Jika sudah begitu, akan sulit baginya untuk mengeluarkan kata-kata. Jika pun ia berbicara tentunya ia hanya akan menjadi orang konyol di hadapan Lina.
Ia pasti akan berbicara dengan bibir yang bergetar tidak karuan. Dan bisa jadi kata-kata yang ia ucapkan akan berbeda dengan yang ada di dalam benaknya.
"Tenang kawan, kalau kau mau kakekku punya jimat pelancar jodoh, katanya dengan membawa jimat itu saat melamar nenekku, ia langsung direstui oleh calon mertuanya. Seminggu kemudian mereka menikah. Sehingga ada aku di dunia ini." ujar salah seorang teman Dion dengan logat dan gaya yang lucu.

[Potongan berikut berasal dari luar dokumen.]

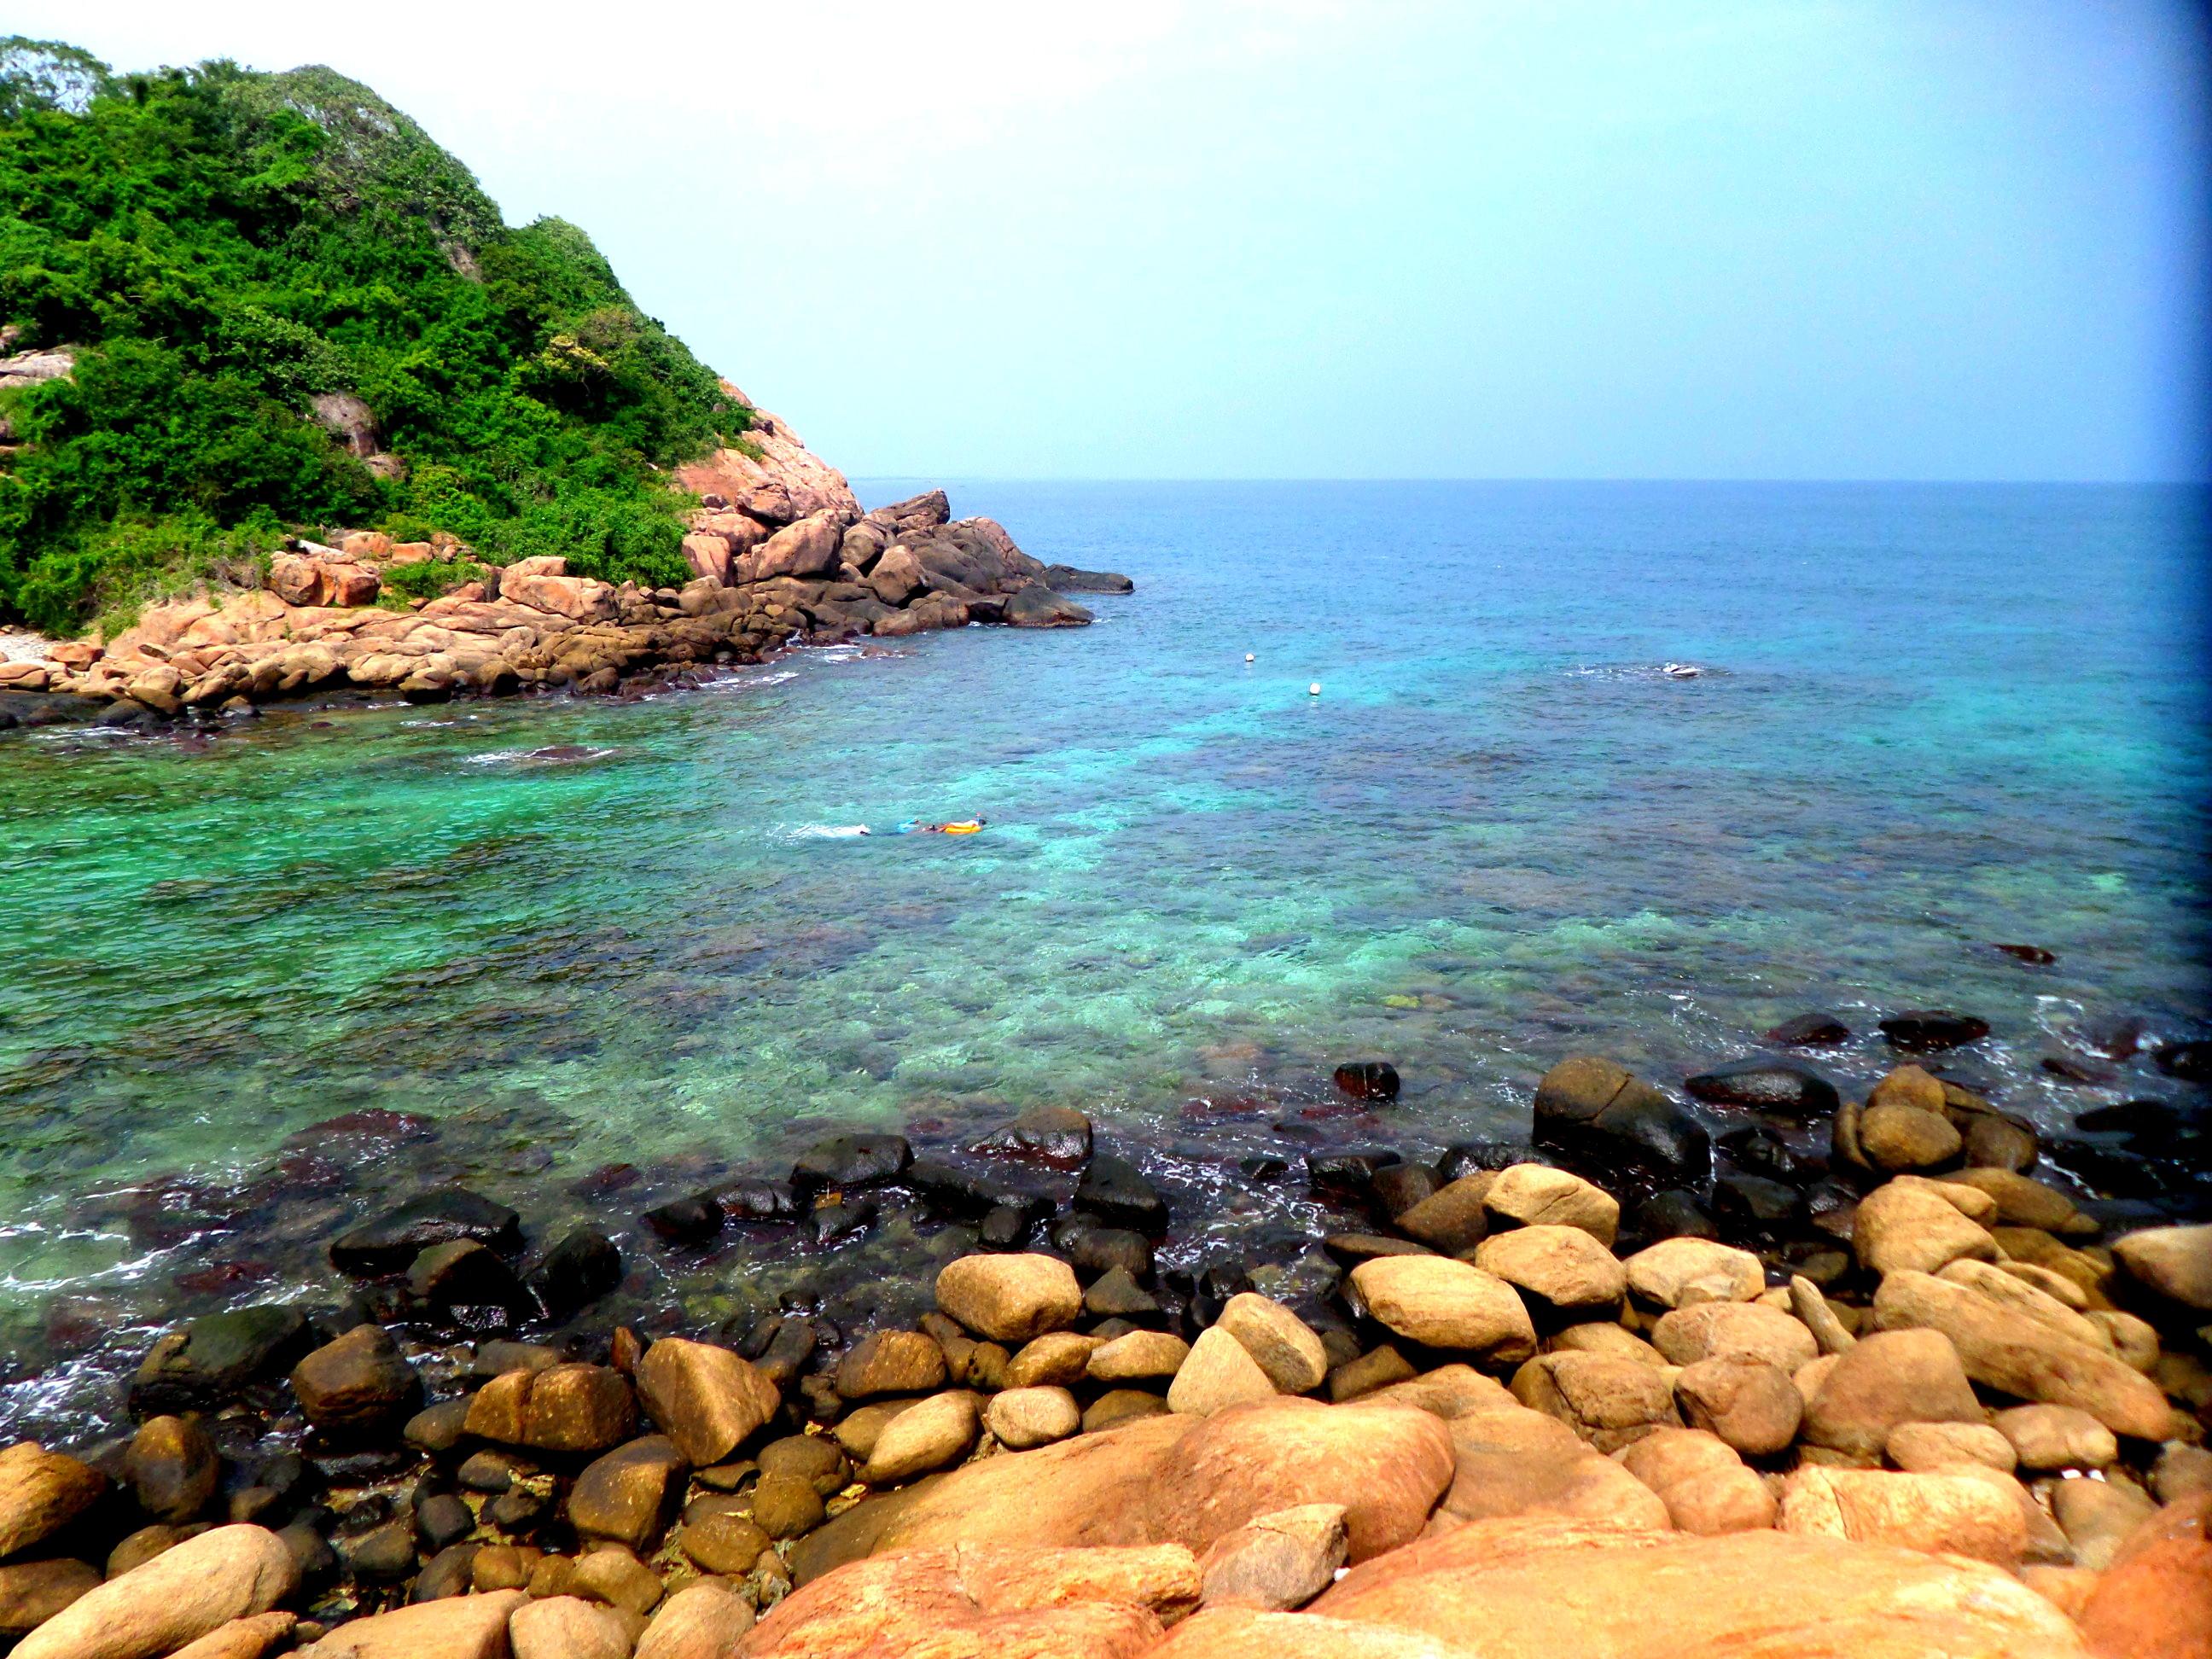 File:The Beauty of Pigeon Island - Beautiful Ocean.jpg - Wikimedia Commons

"Betul itu, cinta ditolak, dukun bertindak, hahahaha,,," kata yang lainya.
Dion terkenang lagi, tapi tidak berlama-lama melamun kini dia telah sampai pada artikel jimat penolak bala, dengan harga yang bermacam-macam. Dion hanya melewatinya saja. Jujur saja dia bukanlah orang yang percaya dengan hal-hal demikian.
Saat asik menggeser-geser tampilan layar laptopnya perut Dion pun bernyanyi dengan riang. Dia baru sadar kalau dia belum makan apa pun. Dion memanggil pelayannya dari luar kamar dan meminta agar makanan tersebut dibawa ke kamarnya. Dia masih tidak tega meninggalkan istrinya sendirian. Mengingat usia kandungan istrinya masih sangat muda.
__ADS_1
Bersambung...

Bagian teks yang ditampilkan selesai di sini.